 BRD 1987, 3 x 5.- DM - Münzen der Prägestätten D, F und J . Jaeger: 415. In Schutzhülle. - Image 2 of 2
* * *
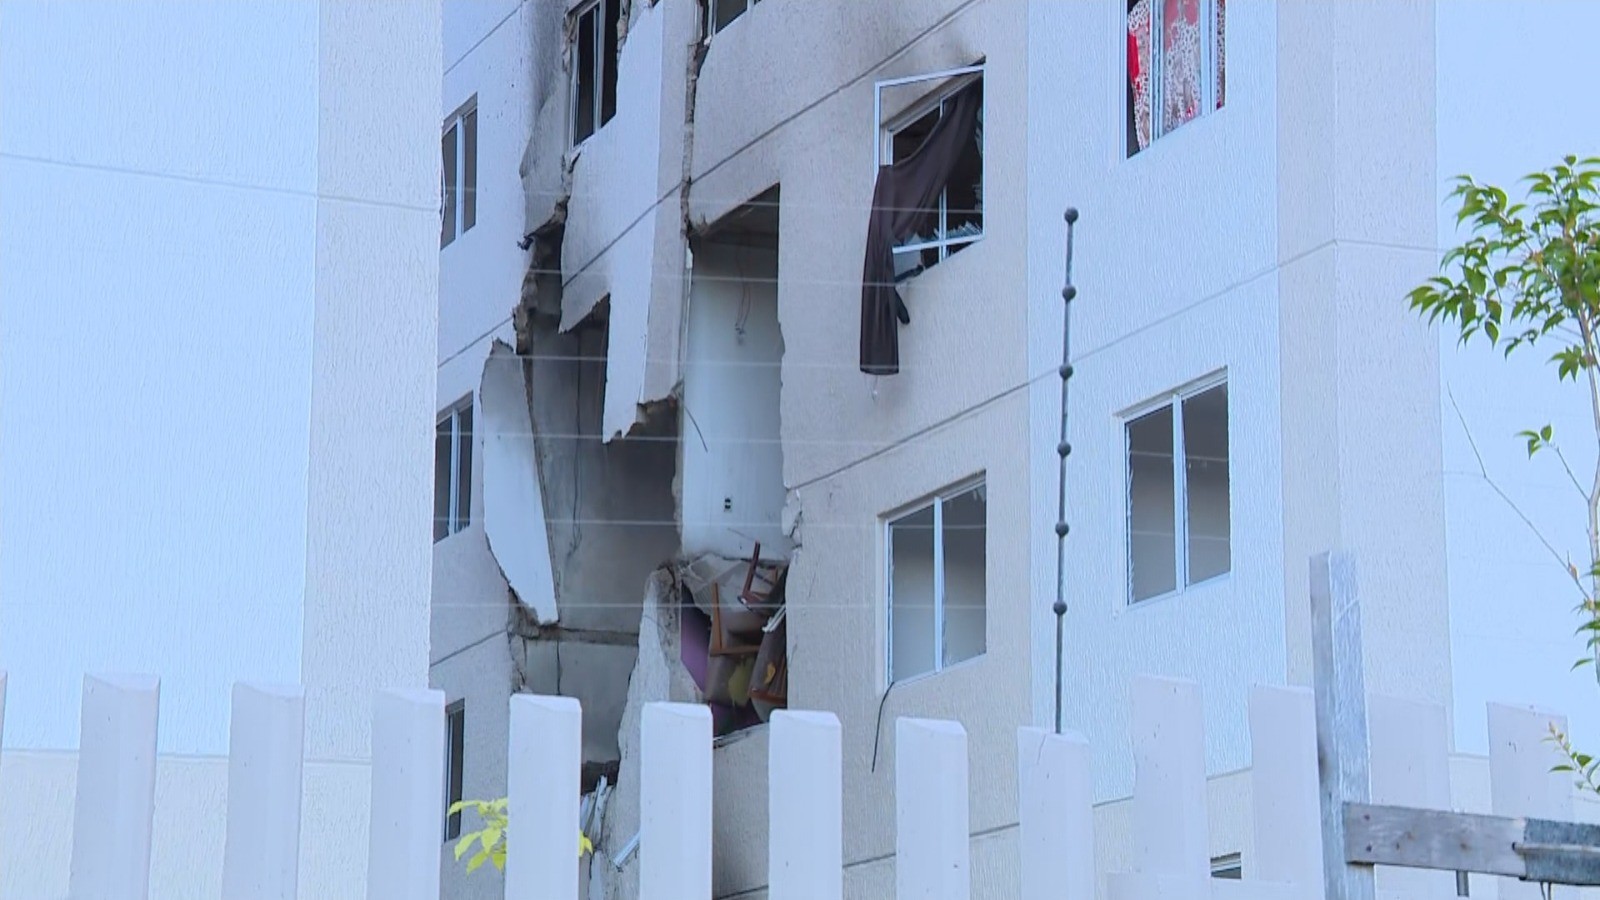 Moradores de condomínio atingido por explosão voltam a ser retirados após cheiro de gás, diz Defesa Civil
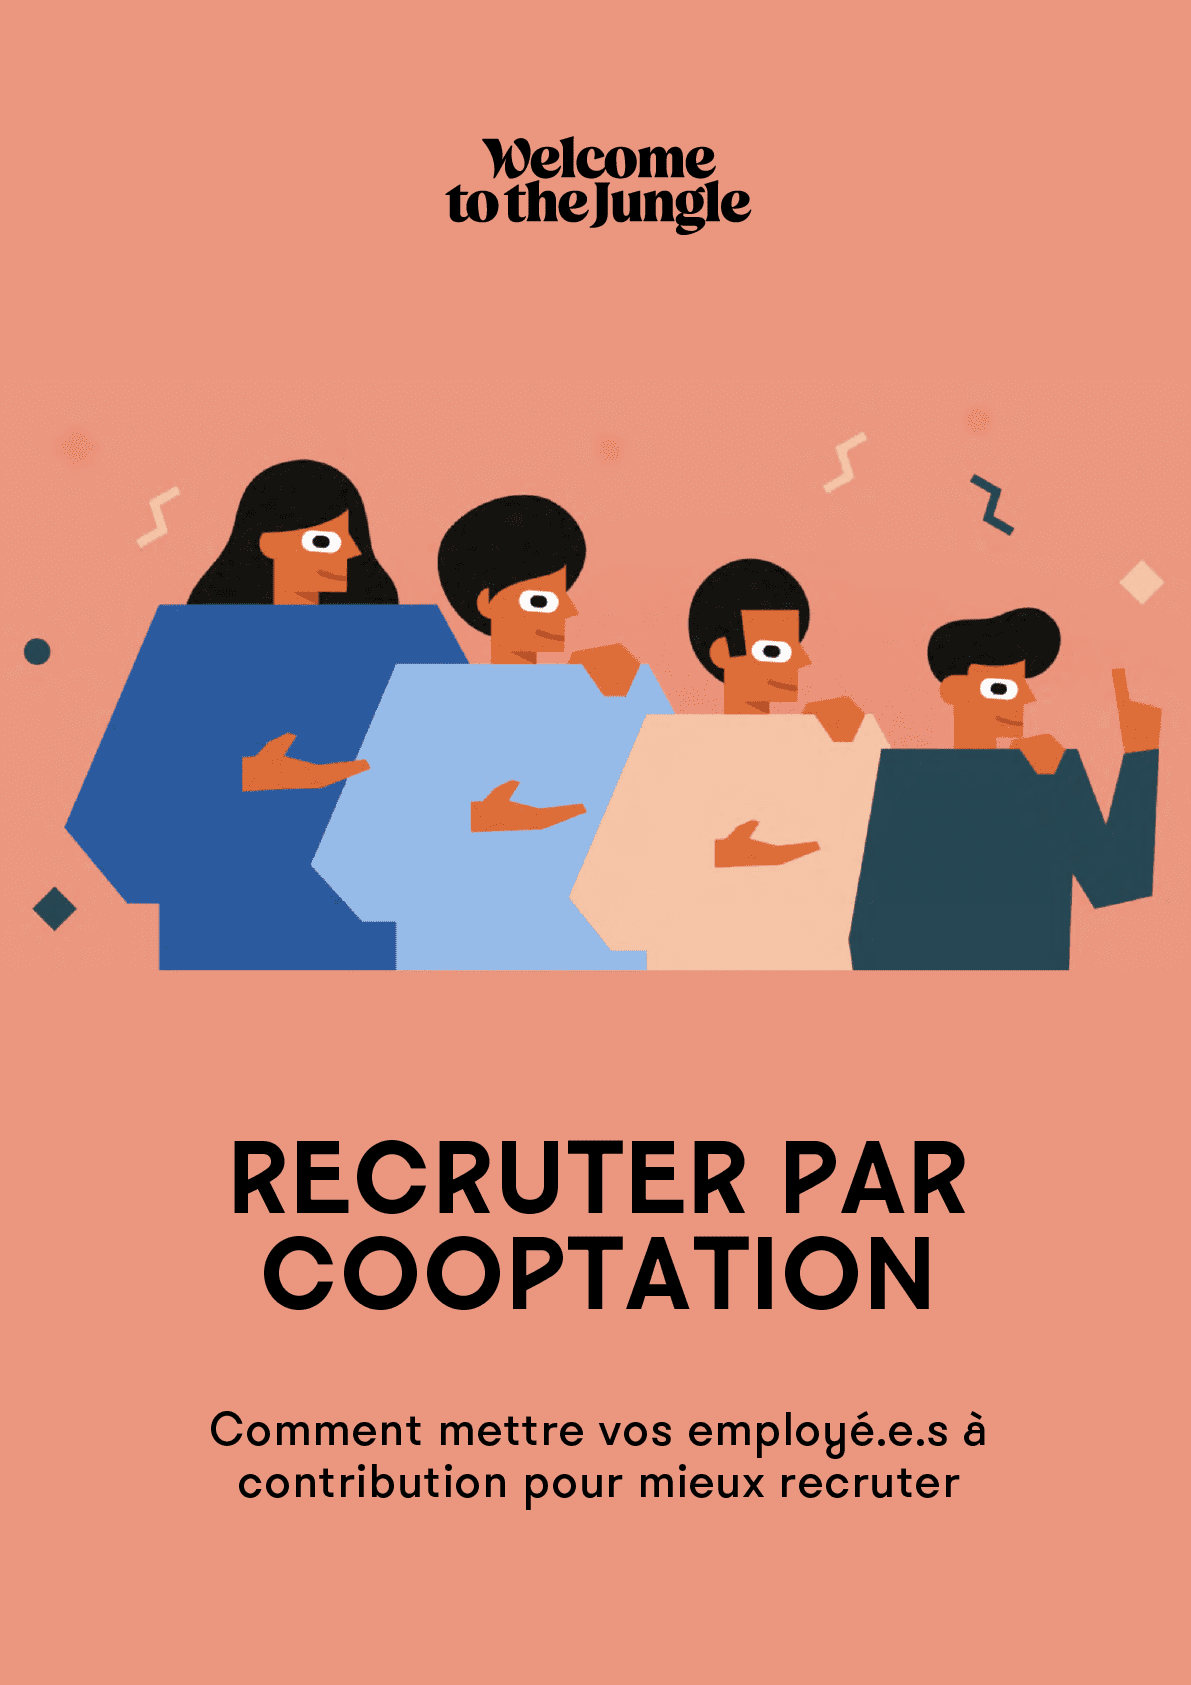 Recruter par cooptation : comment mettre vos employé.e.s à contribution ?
---
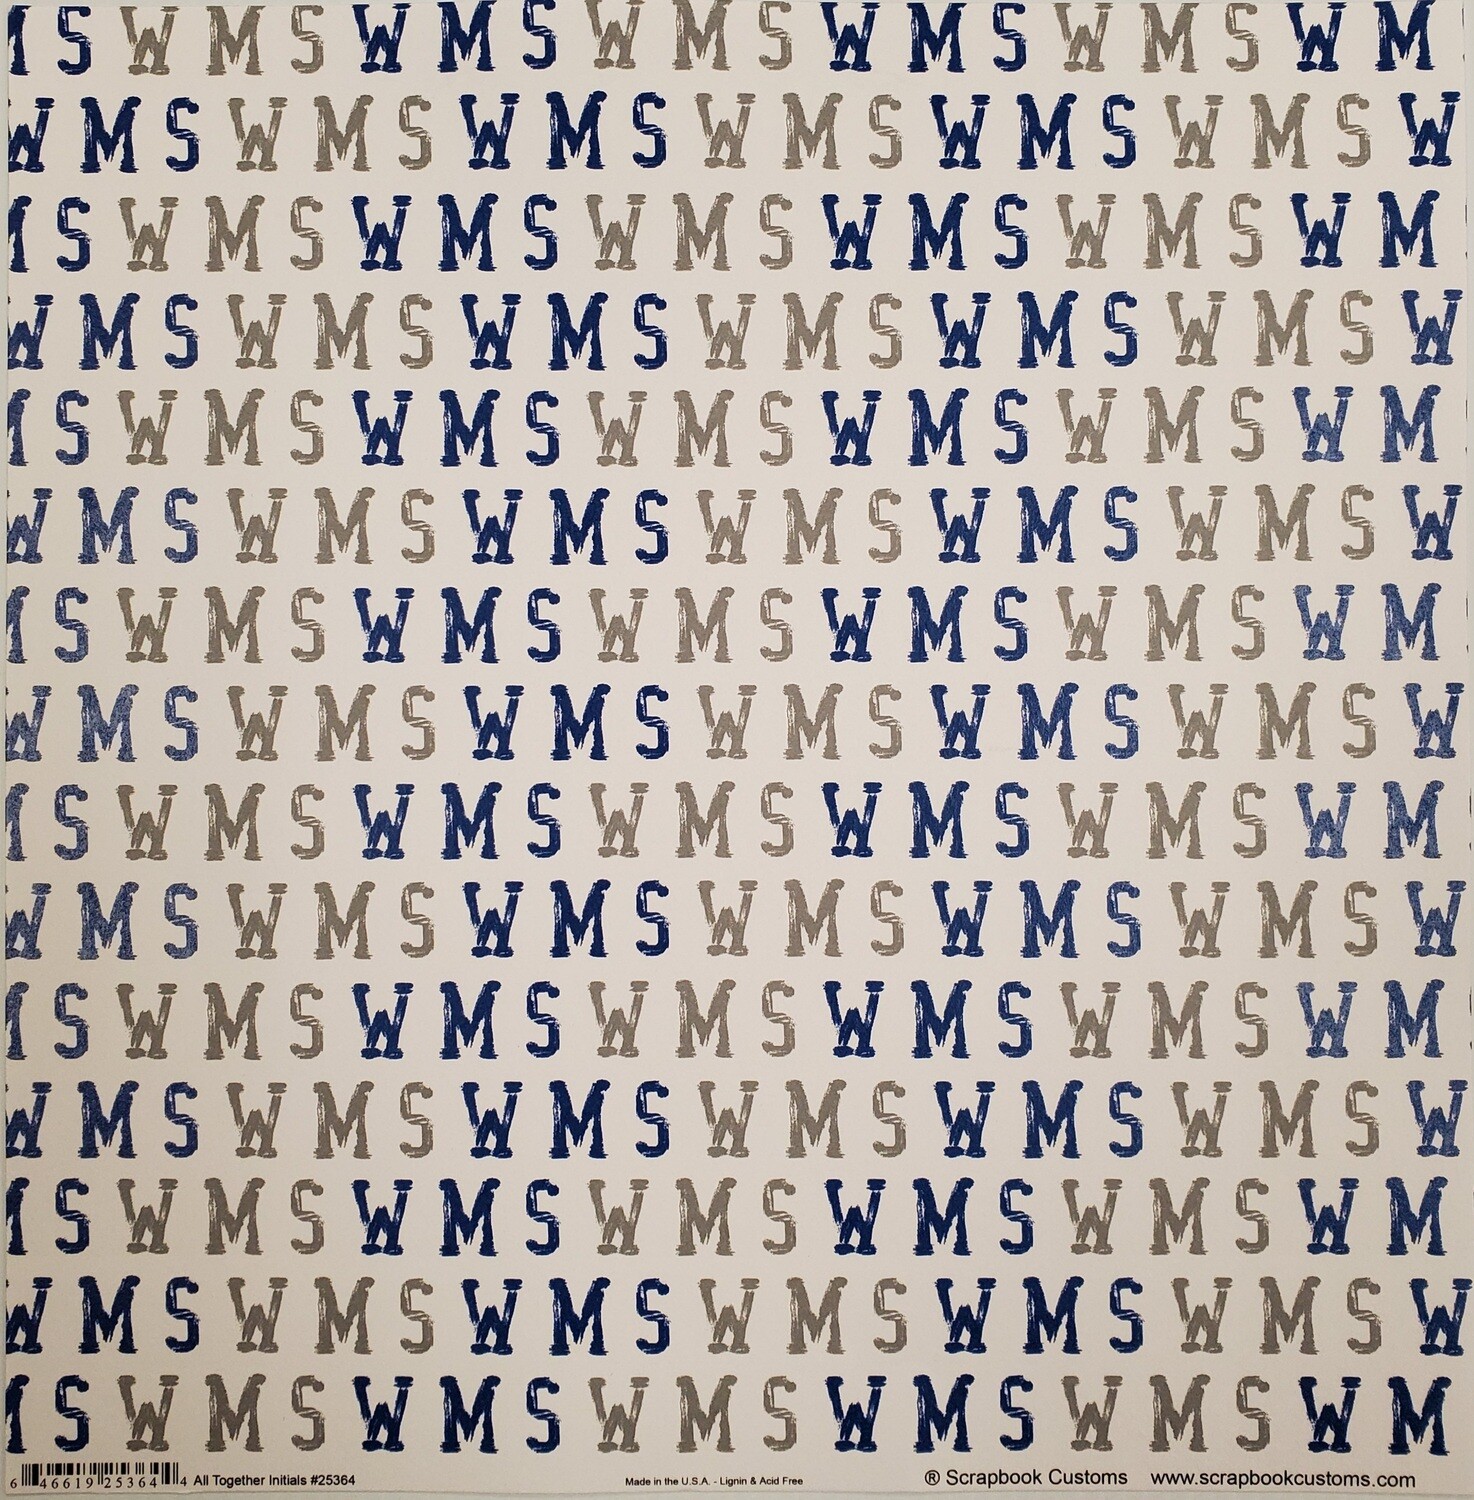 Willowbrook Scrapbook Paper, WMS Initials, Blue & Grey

EXERCISE DIRECTIONS
For the material above, give again only the lines starting at the line that contains "Moradores de condomínio" and ending at the line that contains "Recruter par cooptation". Pictures do not belong in the copy.

REPLY
 Moradores de condomínio atingido por explosão voltam a ser retirados após cheiro de gás, diz Defesa Civil
 Recruter par cooptation : comment mettre vos employé.e.s à contribution ?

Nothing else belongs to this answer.